=== Section Start ===

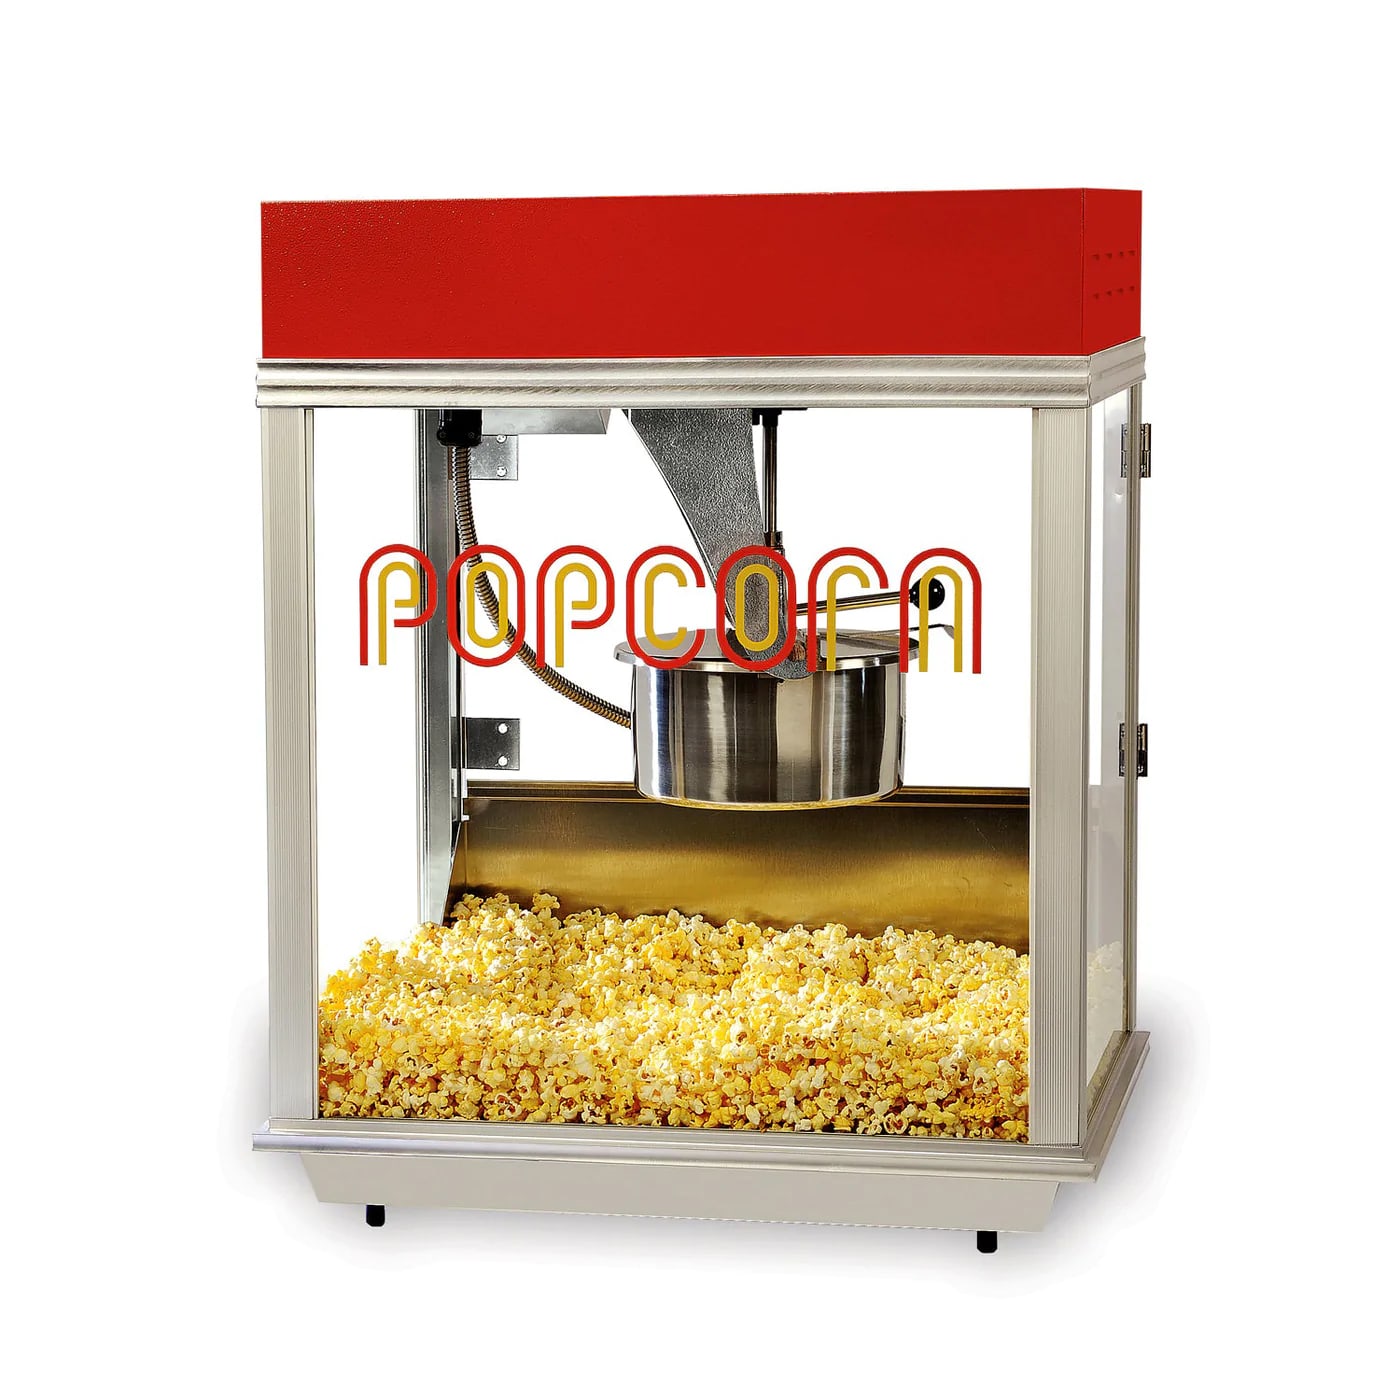 Buy Korona KORONA 41100 Popcorn maker Red, Black, Gold
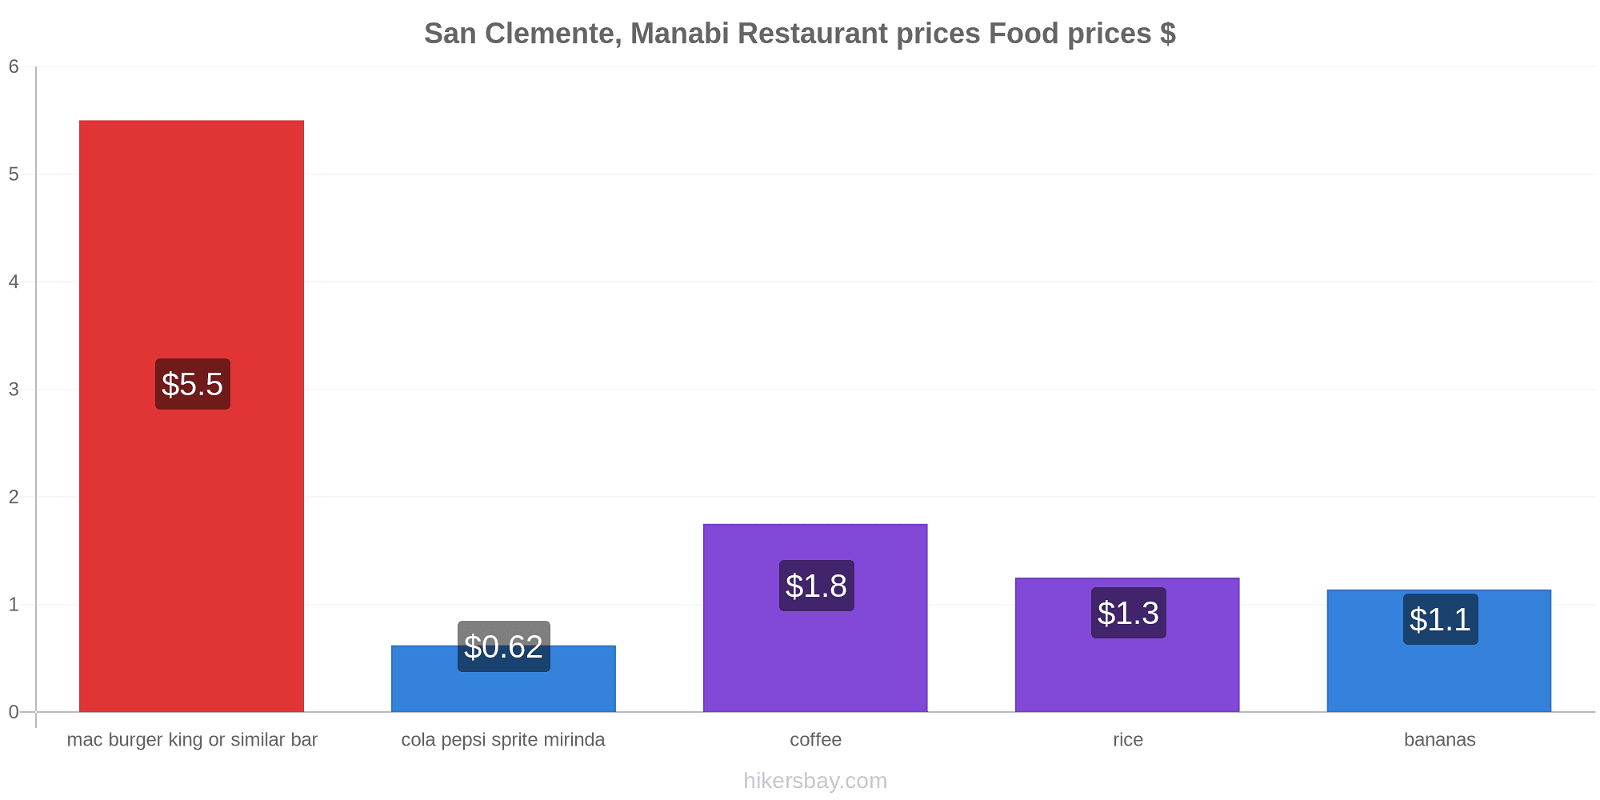 San Clemente, Manabi price changes hikersbay.com
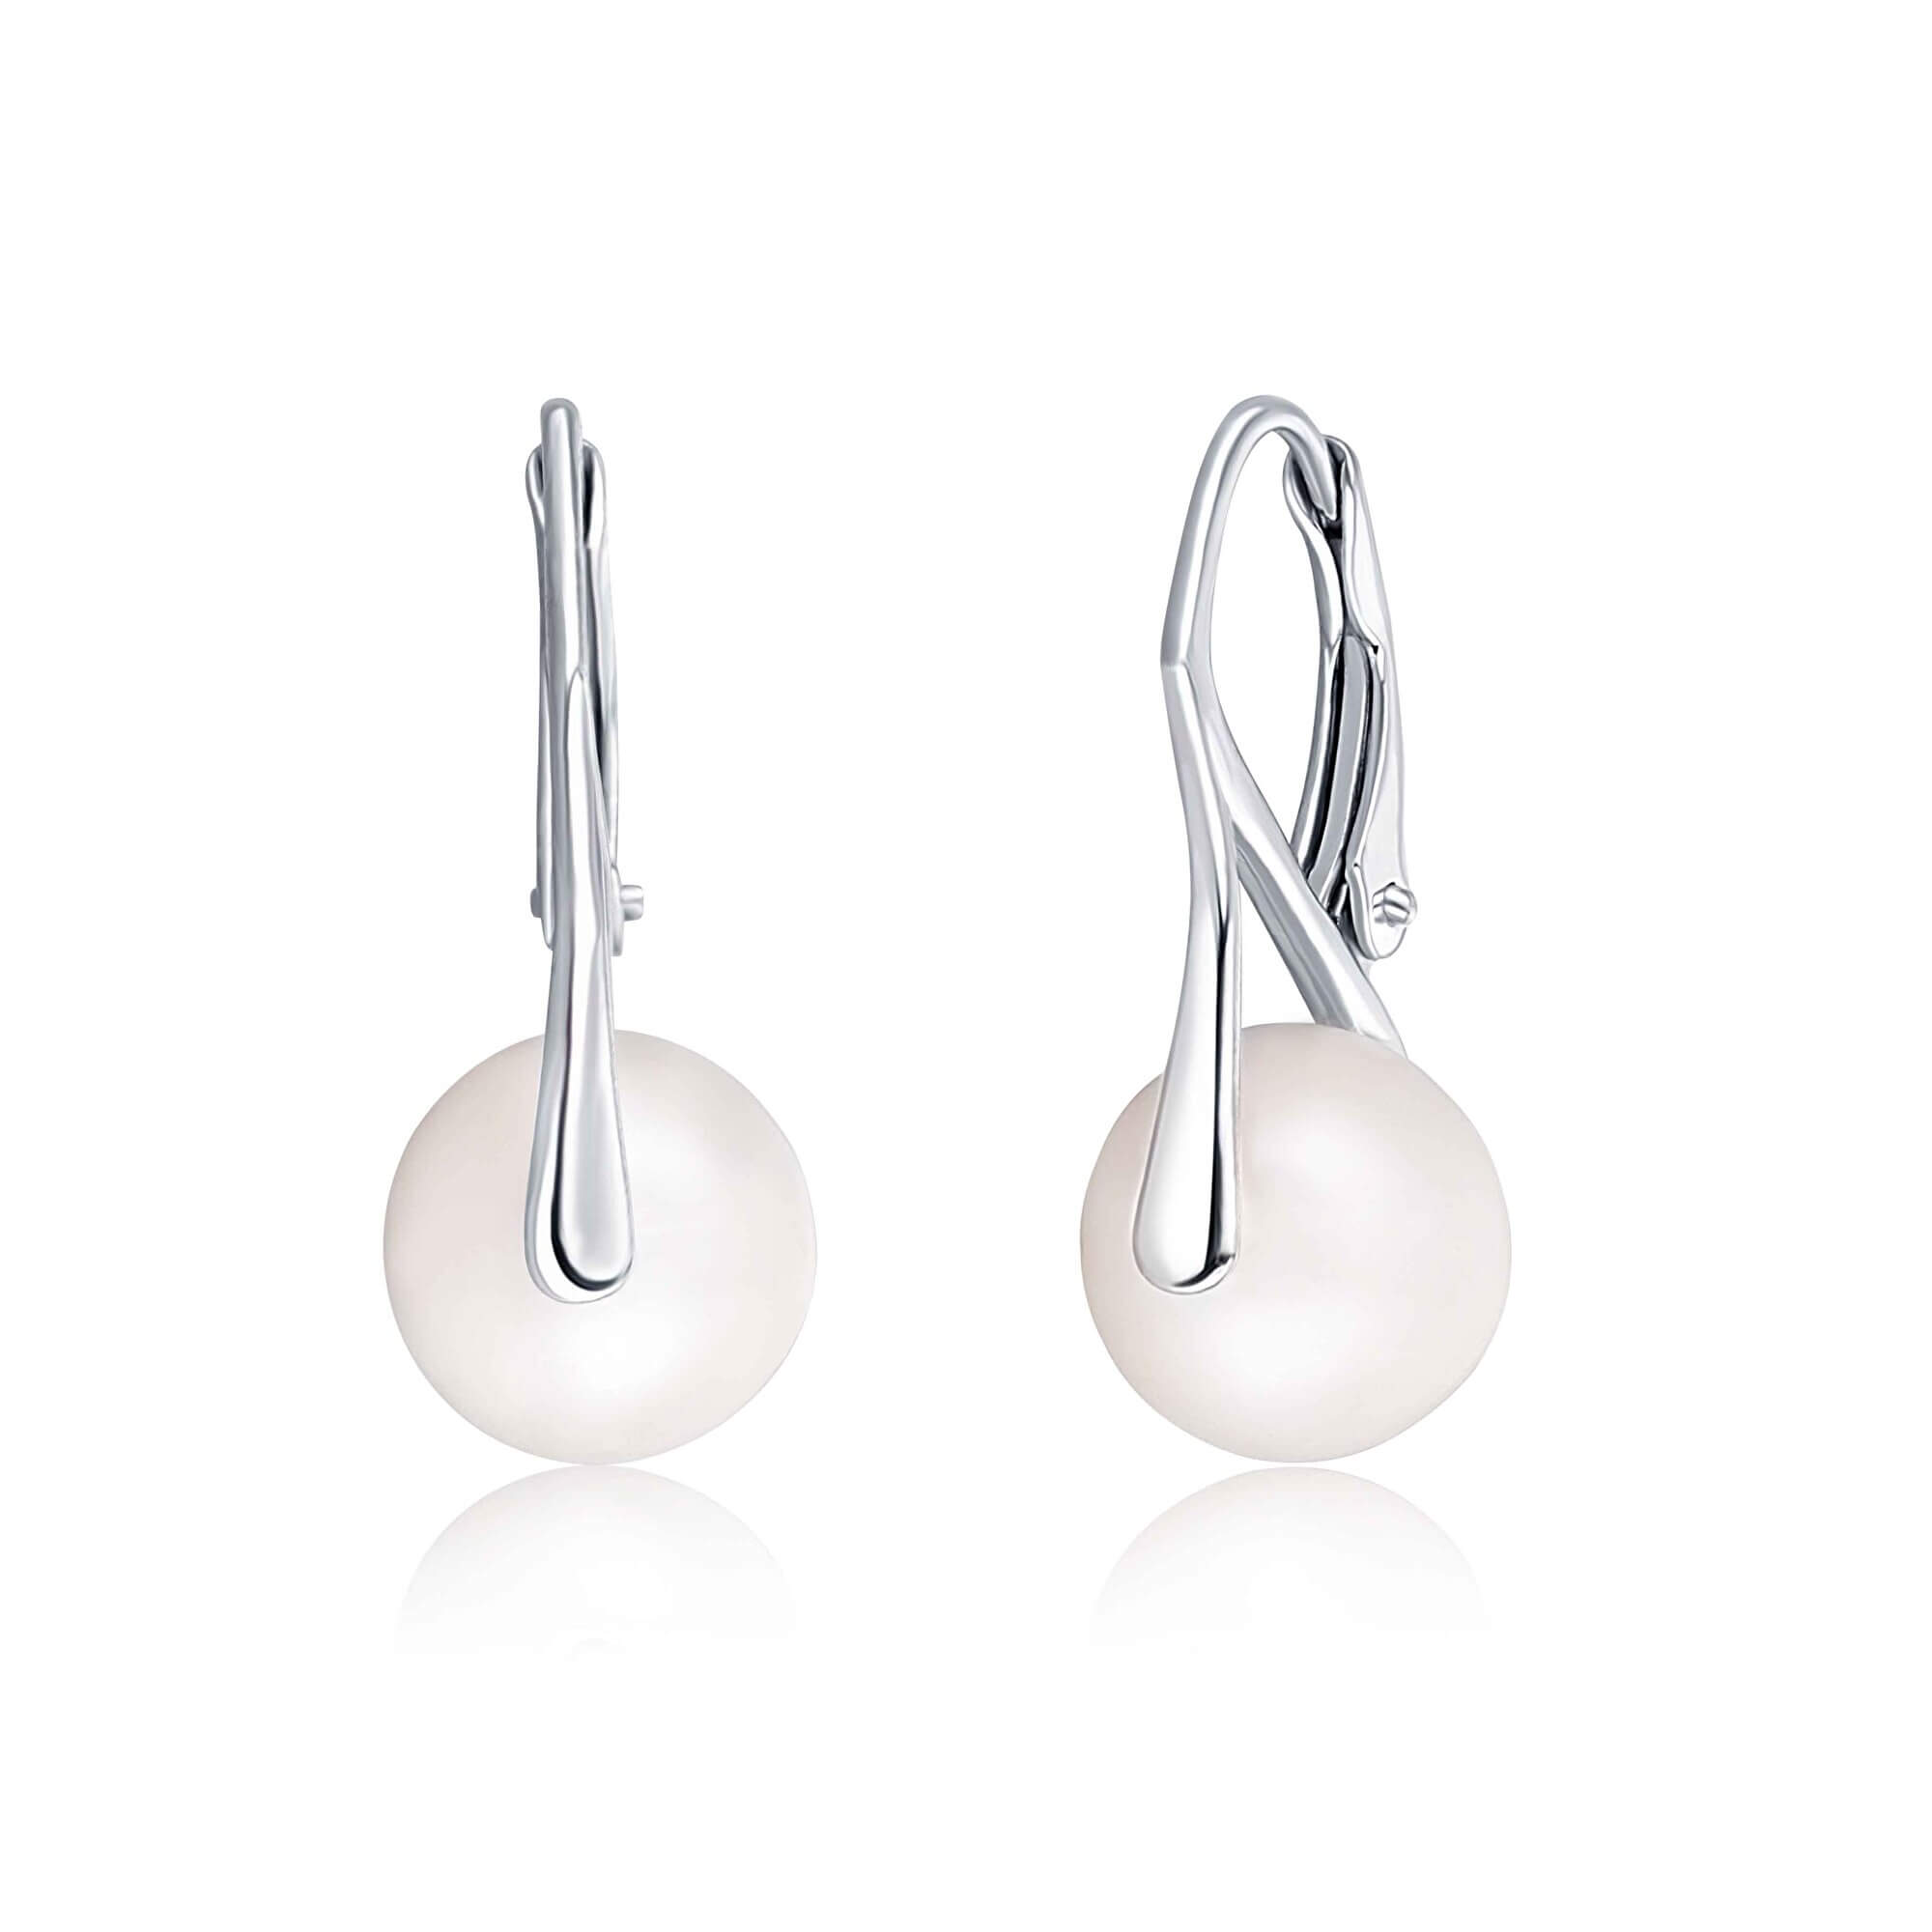 JwL Luxury Pearls Stříbrné náušnice s pravými perlami JL0613

=== Section End ===

What this task involves:
Print the listing exactly, minus any pictures.

Finished exercise:
 Buy Korona KORONA 41100 Popcorn maker Red, Black, Gold
 San Clemente, Manabi price changes hikersbay.com
 JwL Luxury Pearls Stříbrné náušnice s pravými perlami JL0613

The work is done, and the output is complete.